Malaria – positivity by blood smear test with/without additional clinical symptoms, includes both severe (SM) and non-severe malaria; GII—gastrointestinal infections; RI—respiratory infections. The plots are for Kaplan–Meyer analysis, P values are for Cox proportional hazards regression models with per-allele linear trends, for malaria—adjusting for HBB status. Padj—additionally adjusting for sex and paternal tribes.

The number of episodes reported for each infection during follow-up was the lowest for children with the IFN-λ4-Null genotype, but this was significant only in the dominant genetic model for gastrointestinal infections (p = 0.03, Supplementary Table S6). All the associations for IFNL3-rs4803217 were weaker than for rs368234815 (Supplementary Table S7, Supplementary Fig. S4) and lost significance in the models that included both variants, while most of the associations for rs368234815 remained significant (Table 4).

Table 4 Associations between IFNL4-rs368234815 and IFNL3-rs4803217 with infections in 914 children from the Mali birth cohort study.

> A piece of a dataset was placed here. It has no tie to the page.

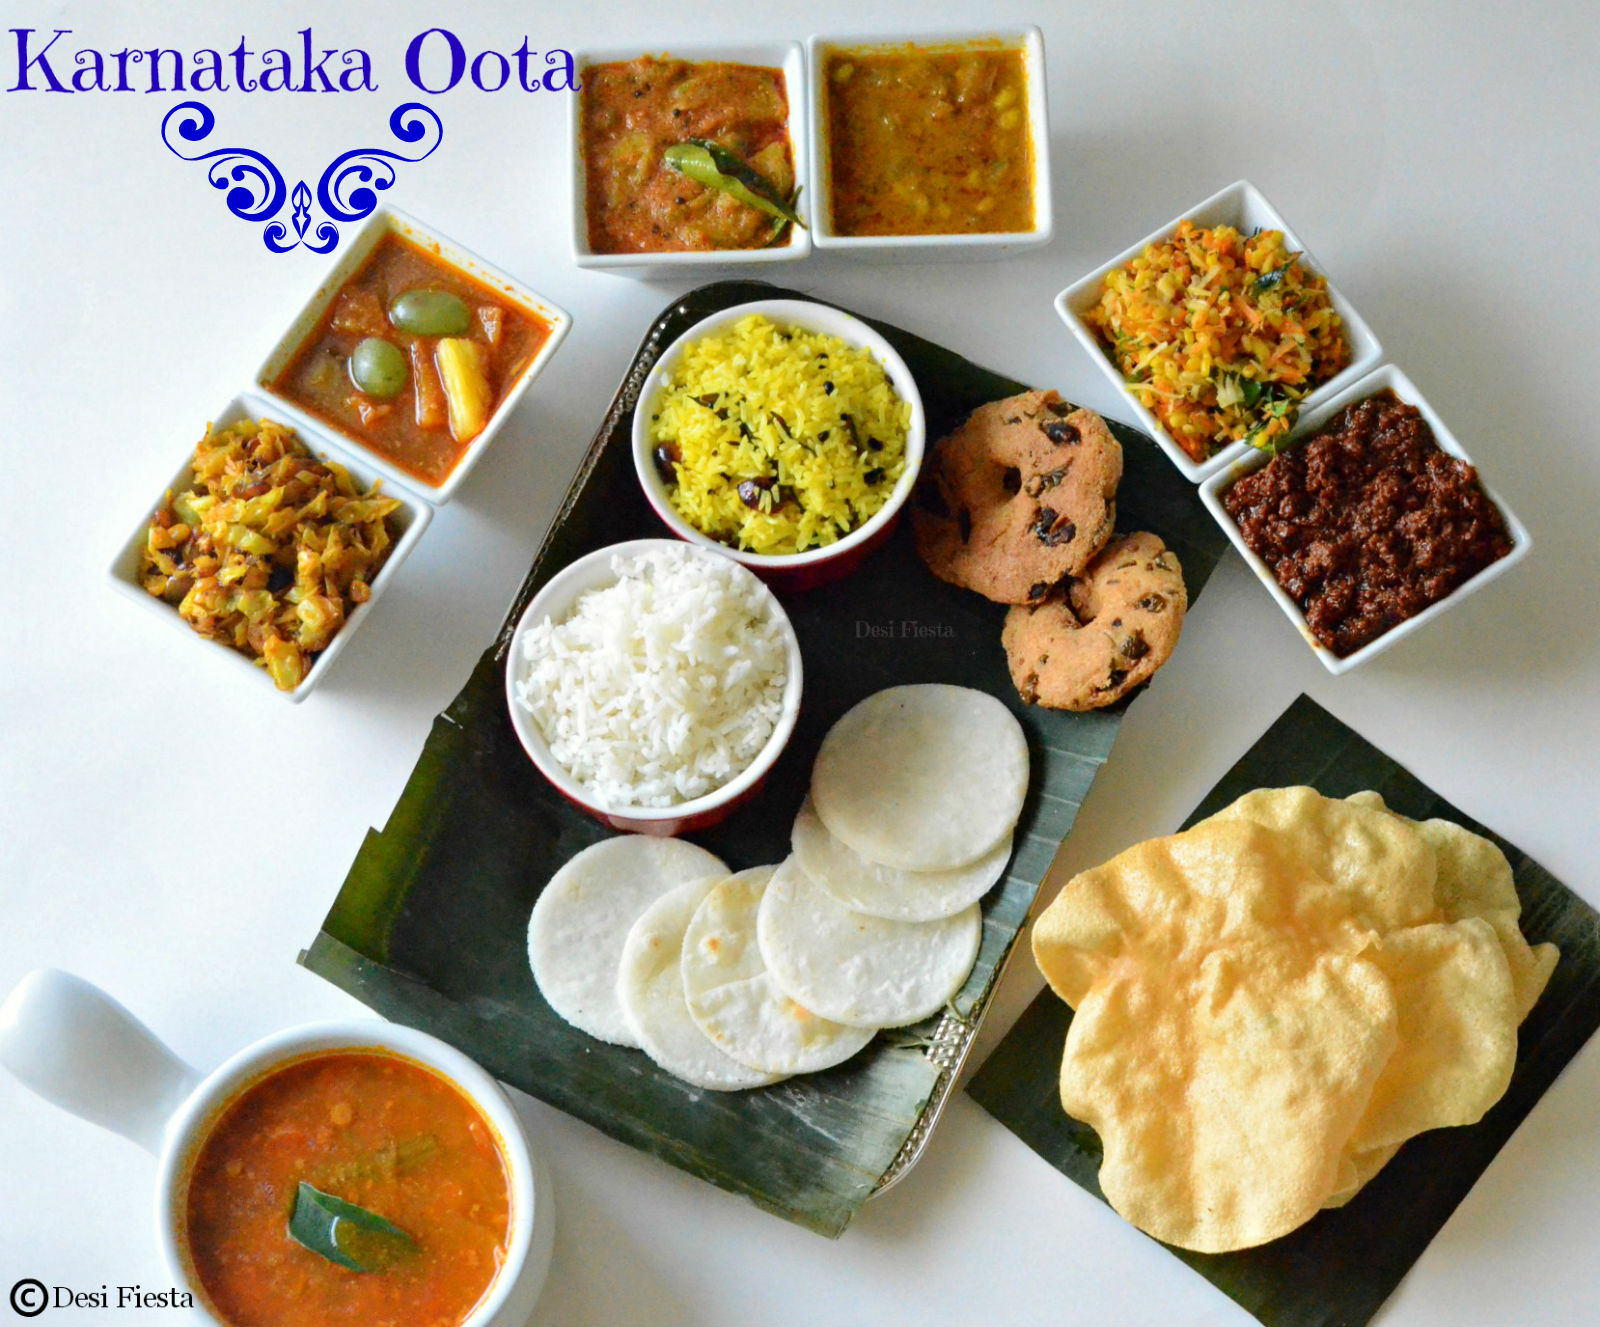 Karnataka oota kannadiga oota kannada thali by desi fiesta foodblogs forumfinder Gallery

Modifying effect of IFN-λ4-P70S groups on associations with infections

Previous studies in Europeans classified all individuals into three groups based on two SNPs (rs368234815 and rs117648444) as those not producing any IFN-λ4 protein (Null), producing only weak IFN-λ4-S70 protein or producing at least one copy of the strong IFN-λ4-P70 protein [11, 12]. Because the missense variant rs117648444-A (P70S) within exon 2 of IFNL4 exists only as a part of haplotype with rs368234815-dG allele (Supplementary Fig. S3), rs117648444 should only be analyzed together with rs368234815 (reviewed in [9]). In individuals of African ancestry, rs368234815-dG is a major allele (in contrast with Europeans and Asians), allowing further separation of the last group into individuals producing one versus two copies of the strong IFN-λ4-P70 protein; thus, we stratified all children in four groups instead of classification into three groups used in Europeans [11, 12].

Table 5 shows that compared to the IFN-λ4-Null group, the risks of gastrointestinal infection and malaria but not respiratory infection were increased in the following order: weak IFN-λ4-S70 < one copy of strong IFN-λ4-P70 < two copies of strong IFN-λ4-P70 protein. Similarly, IFN-λ4-P70S group classification was significantly associated with an earlier occurrence of the first GII episode (p = 0.009, Table 5 and Fig. 2). The numbers of infection episodes were not significantly associated with IFN-λ4-P70S groups (Supplementary Table S8).

Table 5 Association of IFN-λ4-P70S groups with infections in Mali birth cohort of 914 children.
Fig. 2: Time-to-first episode of infections in relation to IFN-λ4-P70S group status in 914 children from the Mali birth cohort study.
figure2

Malaria – positivity by blood smear test with/without additional clinical symptoms, includes both severe (SM) and non-severe malaria; GII – gastrointestinal infections; RI – respiratory infections. The plots are for Kaplan-Meyer analysis, P values are for Cox proportional hazards regression models with per-group linear trends, for malaria – adjusting for HBB status. Padj – additionally adjusting for sex and paternal tribes.

Discussion

We leveraged extensive follow-up data from a large and well-characterized birth cohort from Mali with genetic analysis of three polymorphisms functionally relevant for two type III IFNs, IFN-λ3 and IFN-λ4. We showed that, compared to IFN-λ4-Null children, children with genetic ability to produce IFN-λ4, and especially those producing functionally strong IFN-λ4-P70 protein, were more likely to experience gastrointestinal infections, manifested by diarrhea, with the first infection episode occurring at a younger age. Although weaker, we also observed a similar trend for malaria and respiratory infections.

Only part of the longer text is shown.